The three measures, described above, will go a long way in addressing many of the critical frustrations causing anxiety in the CISO population. By making organizational enterprise networks and sensitive data more secure by design, it reduces the need to continually play the patch and upgrade game to keep track with every new exposure. This approach should also reduce the harangue from the multiple voices of the “compliance police” and internal/external auditors to do more with fewer resources. Establishing an effective cyber security governance process will begin to reduce the “surprise factor” which constantly frustrates today’s CISOs. An effective cyber security governance process also (over time) engenders a broader and deeper relationship between the cyber security program and the IT operations teams building and deploying systems.
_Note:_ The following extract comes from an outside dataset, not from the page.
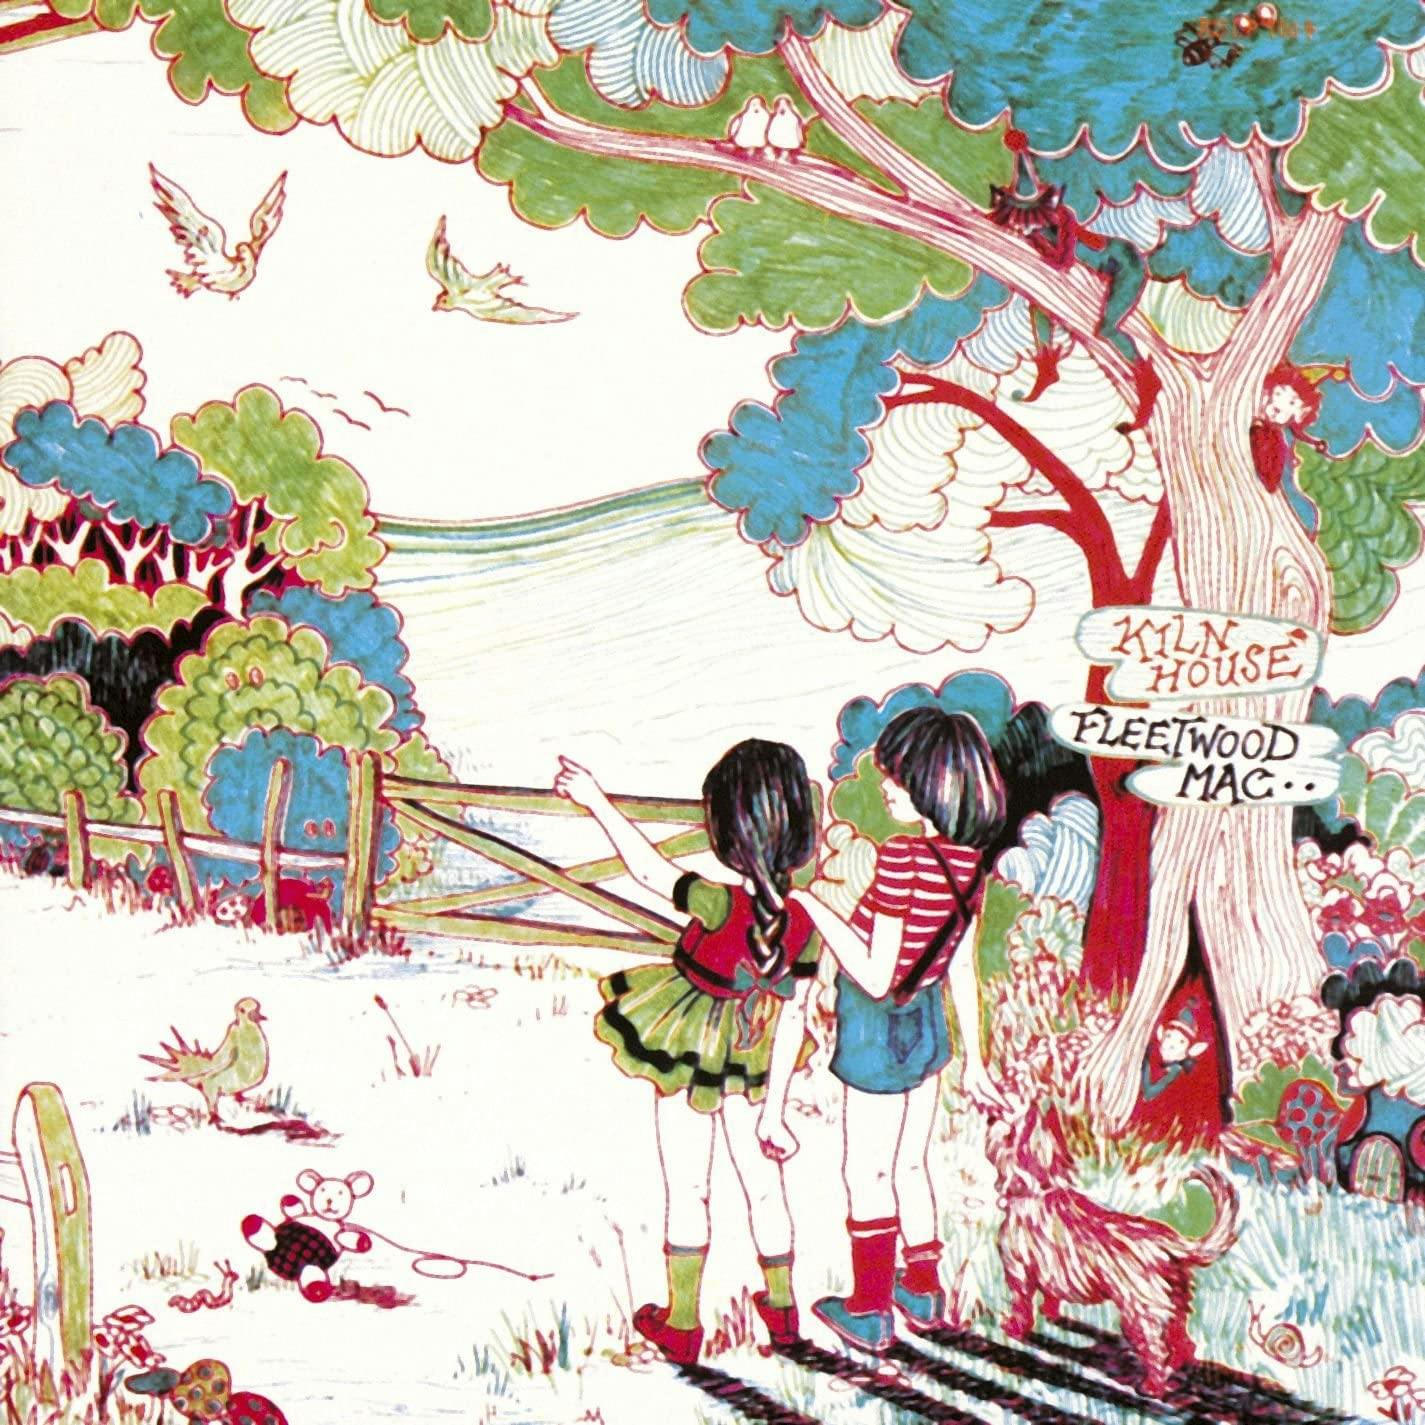 4. DAY BY DAY: FLEETWOOD MAC - KILN HOUSE
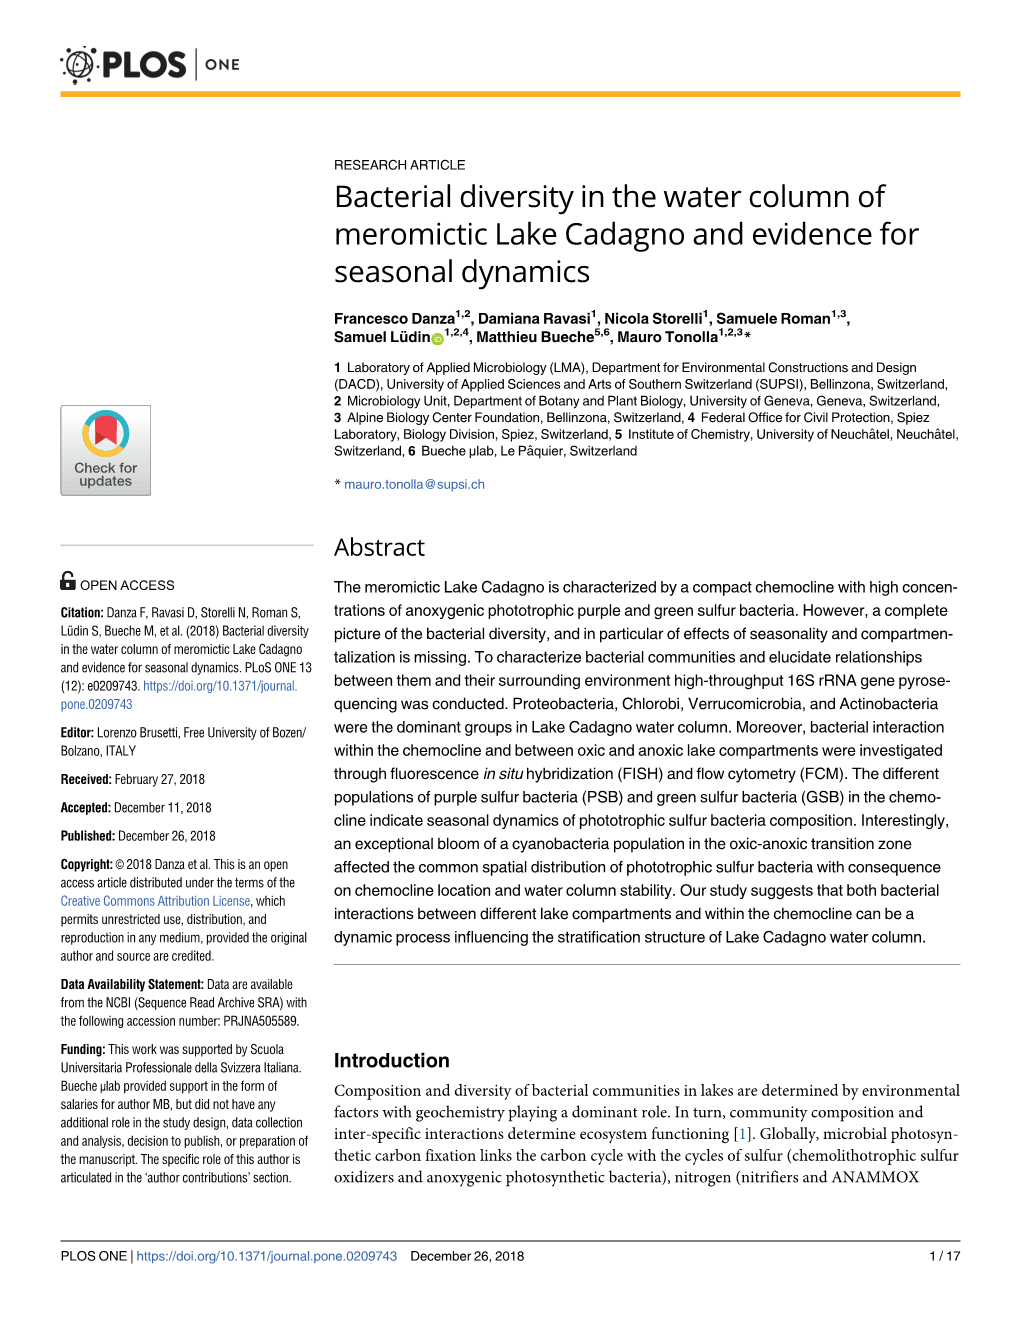 Bacterial Diversity in the Water Column of Meromictic Lake Cadagno and Evidence for Seasonal Dynamics

Integrating cyber security deep into the IT change management process also builds confidence with the compliance and auditing functions. Finding (and then securing) the organization’s sensitive information is a significant step forward towards building a cyber security program that both the auditors and “compliance police” will love and, hopefully, reduce aggressive oversight. Together, these measures will get the CISO more influence (and control) and in off the ledge.